Why does it take 30 minutes for a model to generate text

Zhoues commented 1 year ago

device: a A100-80G GPU code: time:

Are there good friends also confusing about this problem?

FuxiaoLiu commented 1 year ago

device: a A100-80G GPU code: time:

Are there good friends also confusing about this problem?

I also confused about this at first. I edit the code a little bit (link) so that we can run inference in batch more quickly.

Zhoues commented 1 year ago

device: a A100-80G GPU code: time: Are there good friends also confusing about this problem?

I also confused about this at first. I edit the code a little bit (link) so that we can run inference in batch more quickly.

Thank you very much!! I have solved this question yesterday, so I closed this issue. Anyway, thank you from the bottom of my heart!!

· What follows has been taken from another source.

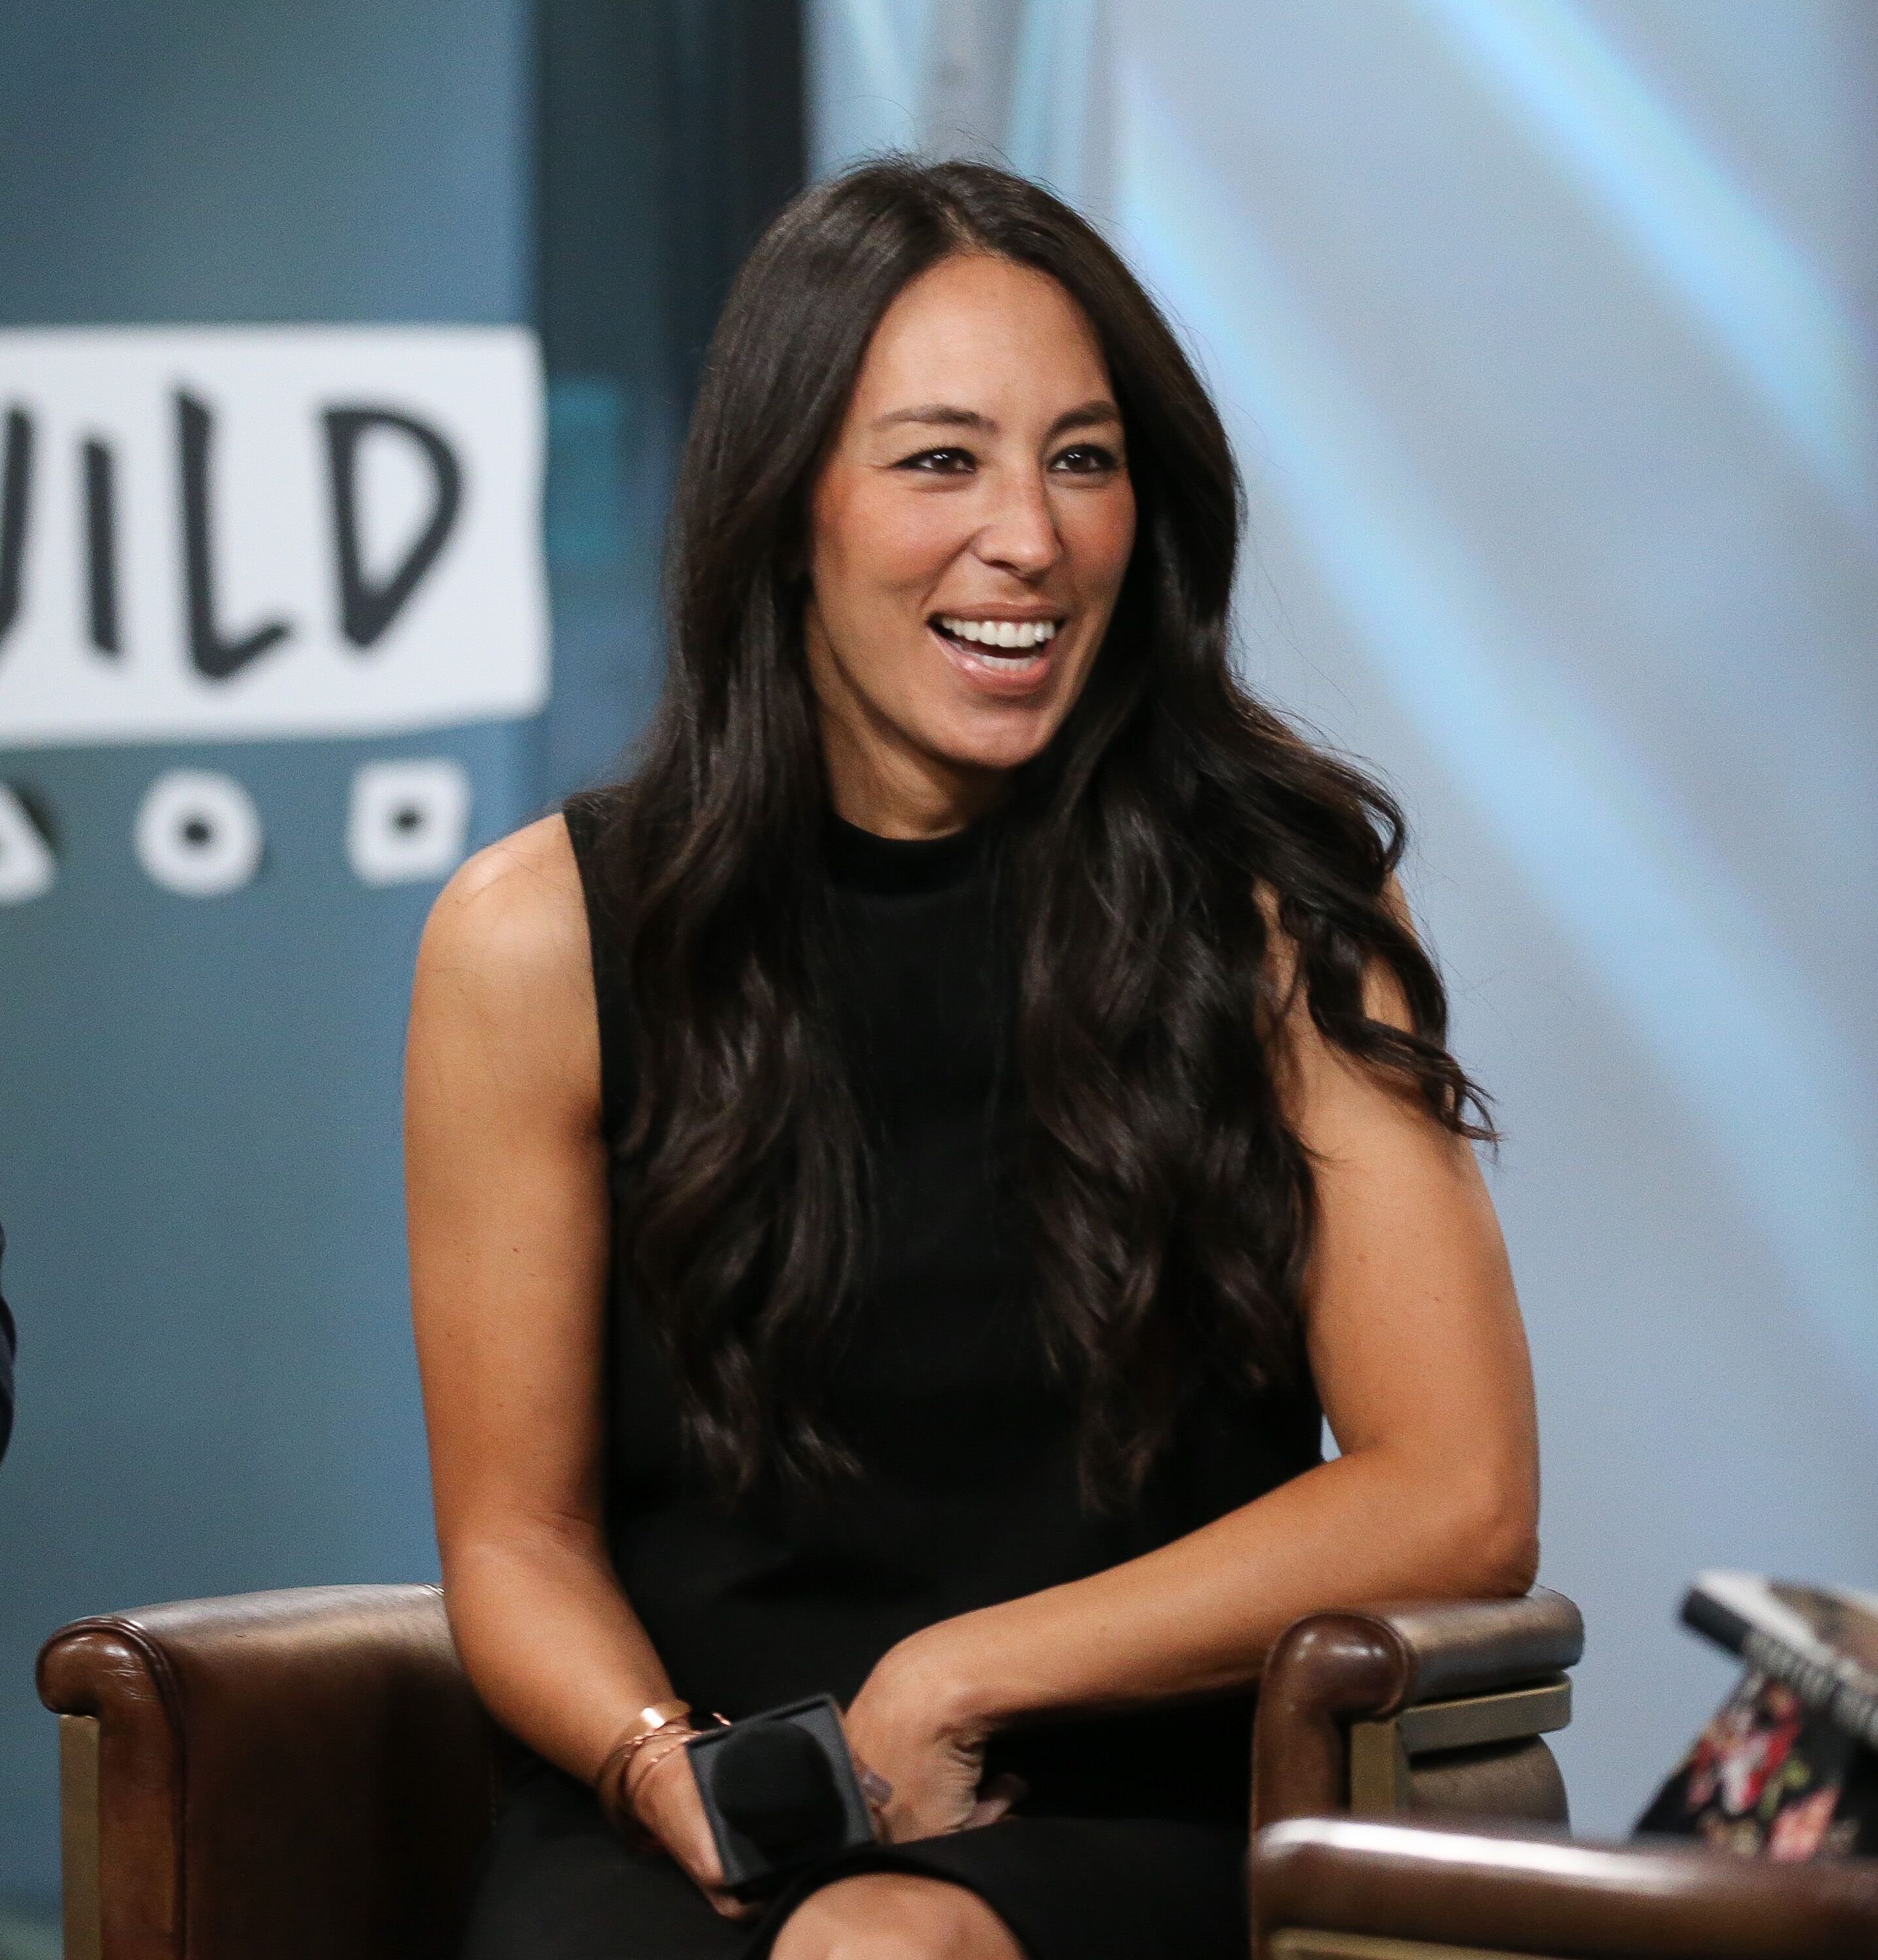  Joanna Gaines discusses new book, "Capital Gaines: Smart Things I Learned Doing Stupid Stuff" at Build Studio | Getty Images

srivivtcs commented 1 year ago

Hi, could you please share the method you used to speedup the inference?

Zhoues commented 1 year ago

Hi, could you please share the method you used to speedup the inference?

Hello，I am very glad to share my method with you. The only thing you should do is to change the Tokenizer.

from:

from transformers import AutoTokenizer
tokenizer = AutoTokenizer.from_pretrained(pretrained_ckpt)

to

from transformers.models.llama.tokenization_llama import LlamaTokenizer
tokenizer = LlamaTokenizer.from_pretrained(pretrained_ckpt)

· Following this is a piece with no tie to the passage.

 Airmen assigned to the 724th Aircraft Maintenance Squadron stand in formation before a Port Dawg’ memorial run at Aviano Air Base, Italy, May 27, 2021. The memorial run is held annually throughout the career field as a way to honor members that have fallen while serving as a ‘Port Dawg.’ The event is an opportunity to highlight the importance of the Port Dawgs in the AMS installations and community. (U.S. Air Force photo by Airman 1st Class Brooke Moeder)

If this works for you, you can click on 👍

srivivtcs commented 1 year ago

Thanks, the suggested change is not giving any significant speedup in the inference. Is there anything else that I can try to speedup the inference?

edchengg commented 1 year ago

facing the same issue. the proposed fix is not working for me.

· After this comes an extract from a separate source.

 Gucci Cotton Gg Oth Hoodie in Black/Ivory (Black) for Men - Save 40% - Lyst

Zhoues commented 1 year ago

@srivivtcs @edchengg Hello! Because I do not have any detail about your problem, I would like to share my inference code, which only needs about 1 min to load model and 10s to generate text.

model_worker.py

class mPLUG_Owl_Server:
    def __init__(
        self, 
        base_model='MAGAer13/mplug-owl-llama-7b',
        log_dir='./',
        load_in_8bit=False,
        bf16=True,
        device="cuda",
        io=None,
        use_lora=False,
        inference_mode=False,
        lora_r=8,
        lora_alpha=32,
        lora_dropout=0.05,
        delta_path='none',
    ):
        self.log_dir = log_dir
        self.image_processor = MplugOwlImageProcessor.from_pretrained(base_model)
        self.tokenizer = LlamaTokenizer.from_pretrained(base_model)
        self.processor = MplugOwlProcessor(self.image_processor, self.tokenizer)
        self.model = MplugOwlForConditionalGeneration.from_pretrained(
            base_model,
            load_in_8bit=load_in_8bit,
            torch_dtype=torch.bfloat16 if bf16 else torch.half,
            device_map="auto",
        )

        # LoRA part
        if use_lora:
            assert delta_path!='none', "If you use lora, please input lora path"
            # Load LoRA Config and Param
            peft_config = LoraConfig(
                target_modules=r'.*language_model.*\.(q_proj|v_proj)', 
                inference_mode=inference_mode, 
                r=lora_r, 
                lora_alpha=lora_alpha, 
                lora_dropout=lora_dropout
            )
            self.model = get_peft_model(self.model, peft_config)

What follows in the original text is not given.